The unalterable foundation of our entire water-delivery system is this: Snow will fall in the Sierra Nevada in the Winter. We now know that climate change is wreaking havoc upon this foundation.
Climate scientists predict that we will see extended droughts punctuated by brief, heavy downfalls. The winter of 2016/2017 was the wettest on record, and it came after a six year stretch of the driest. The winter of 2017/2018 has been almost without rainfall. We can see the climate model playing out in real time. Some years, snow does not fall, and in others it falls all at once, and our reservoirs can not contain the runoff.
Droughts are more severe, leading to a fire season now active 10 months out of the year. When rains finally comes to the burnt land, it breaks loose and slides in great sheets of deadly mud.
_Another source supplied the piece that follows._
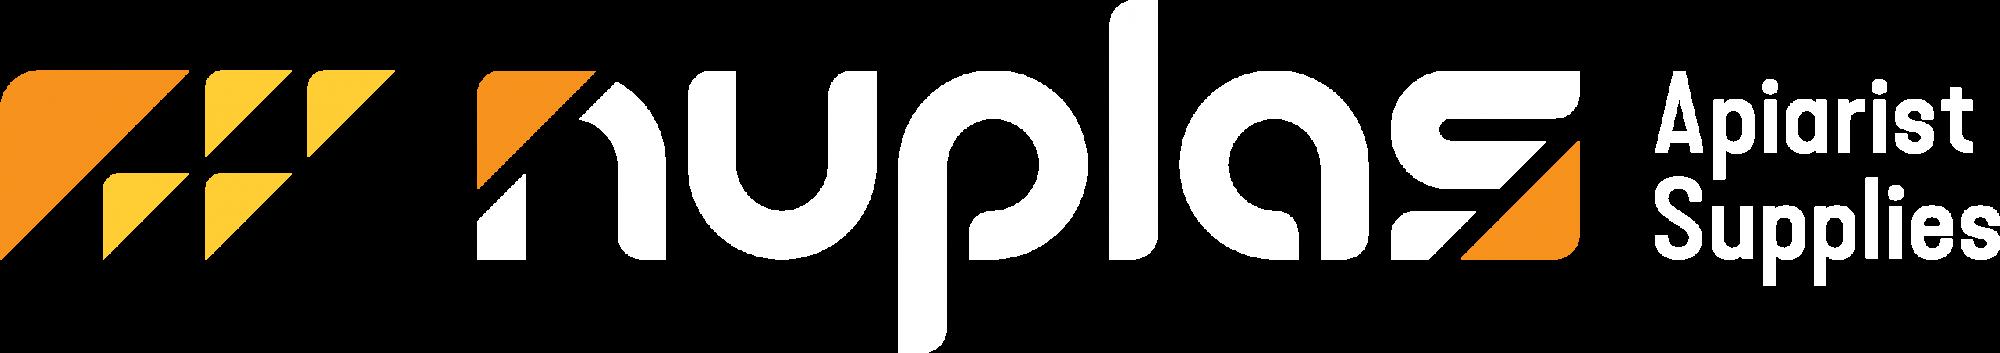 Nuplas Apiarist Supplies | Australia

The farmers in the Great Valley are adapting. They are drilling wells and pumping what groundwater remains. Once that is depleted, the next step is a chaotic tumble into a great, dry abyss.
― Elizabeth Kolbert, 'The Sixth Extinction: An Unnatural History'
"To every action there is always opposed an equal reaction."
-Isaac Newton's 3rd law of motion
Coming out of the depression, entering, fighting (and winning!) the War - through all of this the incredible became normal. The dream was real, they lived it.
For a time.
The benefits of the changes in the land outweighed the losses: increased safety from floods, more security in dry times.... concrete rivers sweeping out beyond the horizon, brimming with sweet cool water rolling down from the mountains.
A wiser people, with vision un-muddied by the hubris of 20th century engineering, might have questioned the notion of re-plumbing nature for Man's purpose. Instead, we chased and built the dream. Into our grandest designs and most carefully laid plans we sowed our human ignorance, frailty and pride. We trifled with a system beyond our full comprehension, shaped by powers greater than us. Soon cracks appeared, and we began the busy work of patching them. This busy and expensive work continues today.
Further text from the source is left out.